The National Women's Law Center originated after administrative staff and law students employed with the Center for Law and Social Policy (CLASP) asked for higher pay, an increase in the number of women being employed as lawyers, the formation of a formal women's program, and an end to the assumption that they'd serve coffee every morning.

CLASP subsequently established the Women's Rights Project in 1972 hiring attorney Marcia Greenberger to formalize the new program. She was joined by Nancy Duff Campbell in 1978, and the two of them chose to go to battle against a standard policy among American businesses: depriving pregnant women access to disability coverage. Their efforts fighting this flawed procedure led to federal passage in 1978 of the Pregnancy Discrimination Act that amended Title IX of the Civil Rights Act of 1964.

In 1981, the co-directors decided to rename the program the National Women's Law Center and set its direction toward equity and inclusion. They stepped down as co-presidents July 1, 2017, and NWLC named Fatima Goss Graves to succeed them as the new President and CEO.

==Campaigns==
The National Women's Law Center filed an amicus curiae brief in the 1996 Supreme Court case United States v. Virginia, which concerned the male-only admission policy of the Virginia Military Institute.

Today, the NWLC focuses on child care, early learning, education and Title IX, health care, reproductive rights, courts and judges, LGBTQ equality, military, poverty, economic security, racial and ethnic justice, taxation, budgets and workplace justice.

===TIME'S UP Legal Defense Fund===
The NWLC administers the TIME'S UP Legal Defense Fund which provides legal and media support to individuals who have been subjected to workplace sex discrimination, including sexual harassment.

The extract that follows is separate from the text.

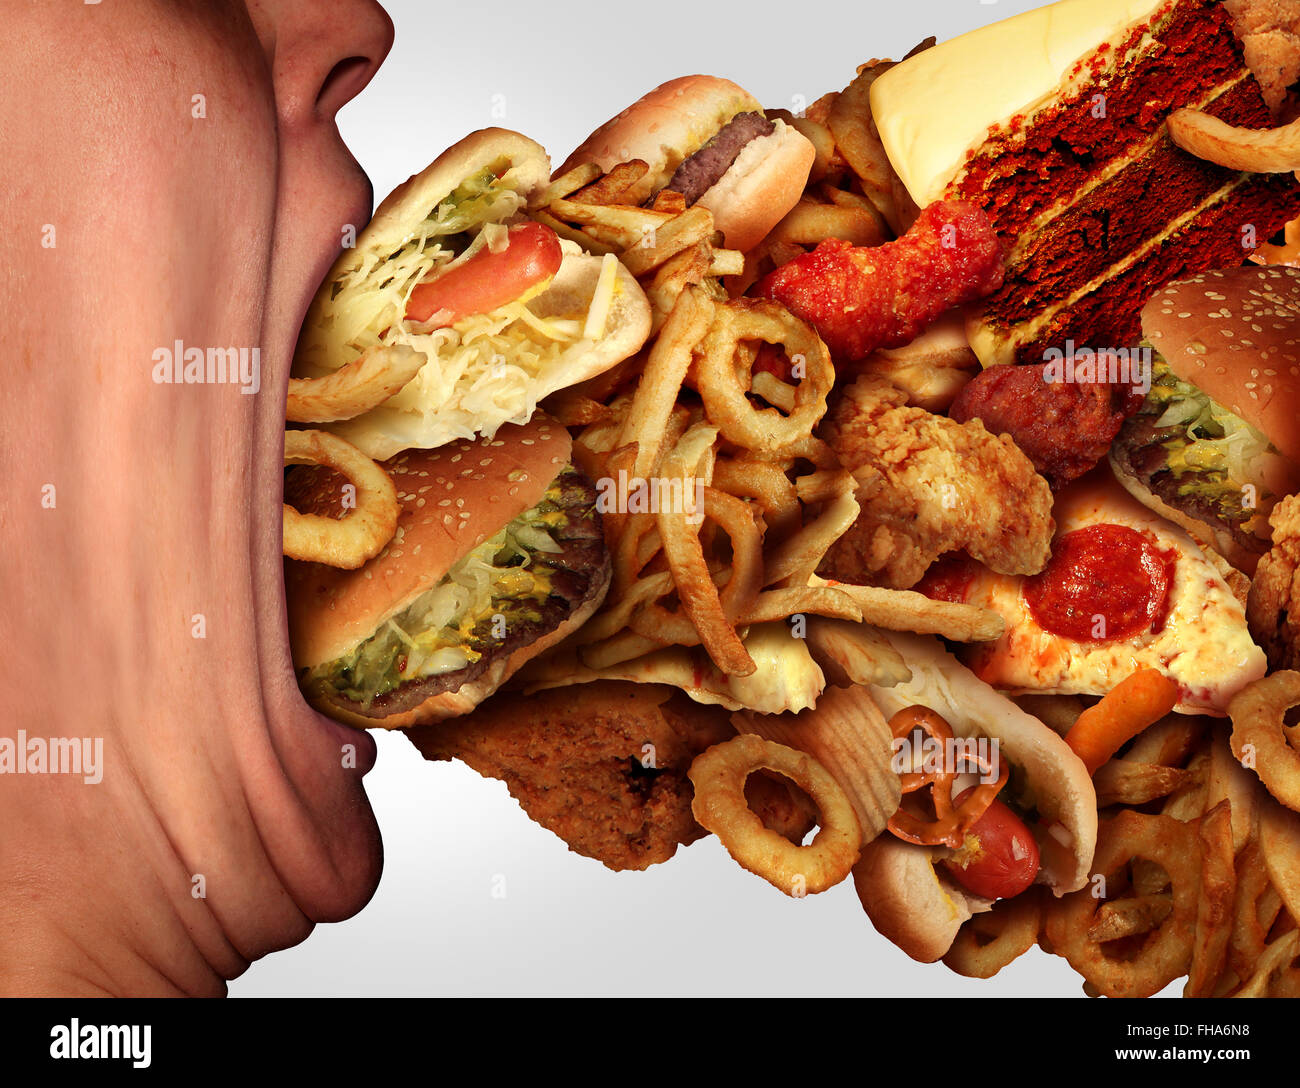 Junk-Food-Ernährung und Diät Gesundheit Problem Konzept als eine Person mit einem großen Mund weit offen Schlemmen auf einen übermäßig großen Gruppe von ungesunden Fast Food und Snacks zu essen. Stockfoto

In 2022, the Fund chose to help a female rugby referee who reported the sexual misconduct of a male colleague to the United States Center for SafeSport. Although the alleged perpetrator did not dispute the allegation, SafeSport instead launched an investigation into and attempted to punish the referee for sharing documents pertaining to the case. Jennifer Mondino, Director of The Fund, said: "You would hope that [SafeSport] would be being really thoughtful and intentional about setting up their processes in a way that would help survivors. And this seems to me to be exactly the opposite of that."

=== LGBTQ equality===
NWLC advocates for LGBTQ equality as one of its core issues. NWLC "unequivocally supports the inclusion of trans women in women’s sports" and has said that "in recent years, the far right has been attempting to divide, and thereby weaken, our feminist movement with fearmongering around transgender women athletes in women’s sports."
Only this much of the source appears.